Ashley Moultrie of Javara Shares Thoughts on FDA’s Diversity Action Plan Guidance

ACT: What are your thoughts on the FDA’s recently released Diversity Action Plan Guidance? How will this affect sponsors moving forward?

Moultrie: I am a strong proponent for what gets measured gets done, so I strongly believe having the industry guidance—once finalized and put into action—it'll require a level of accountability that I think a lot of folks may have been working towards or figuring out, but having that requirement makes it real. I think it sets a precedent for what has to happen, and I think folks will start moving more intently towards those goals. It's when somethings are nice to have versus when it's a must have—I think we move differently, we allocate resources differently, we discuss planning, and things like that a bit differently when things are required. That requirement piece, I think, is necessary, and we've seen the shift already with just the guidance coming—the ways in which things are changing. Once the guidance of finalized and it's moved out, I think that that change and that shift is going to happen much more robustly.

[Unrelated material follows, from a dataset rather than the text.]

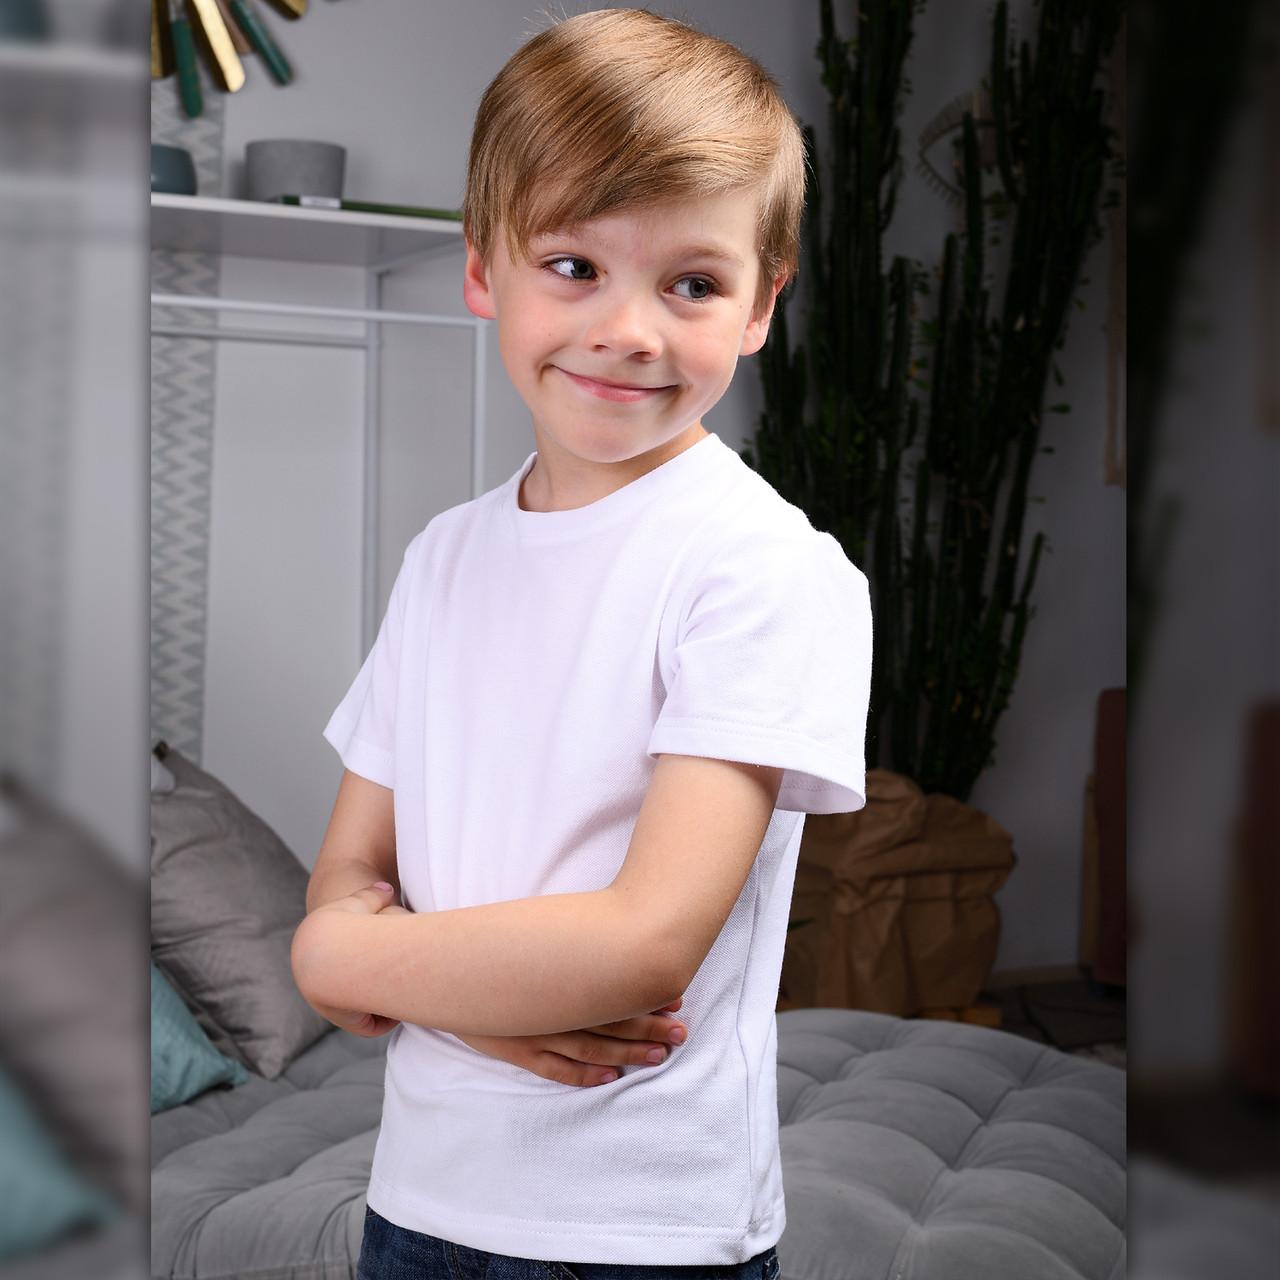 Детская футболка Белая из полотна-лакоста для мальчиков и девочек | Дитяча футболка Біла

I think for our sponsor partners, one of the biggest things to consider is how it's going to affect implementation. We may have to adjust how we handle timelines and how we set these goals, there may likely be more time spent up front and figuring out of how to disseminate and when we're going to do trial selection, where are we going to place these trials, who are the investigators are going to look at? But again, that level of accountability, I think, is going to force a lot of us, and not just sponsors and CROs, at the site side as well, to do things a bit differently and consider things a bit differently and prepare differently so that we can meet those goals.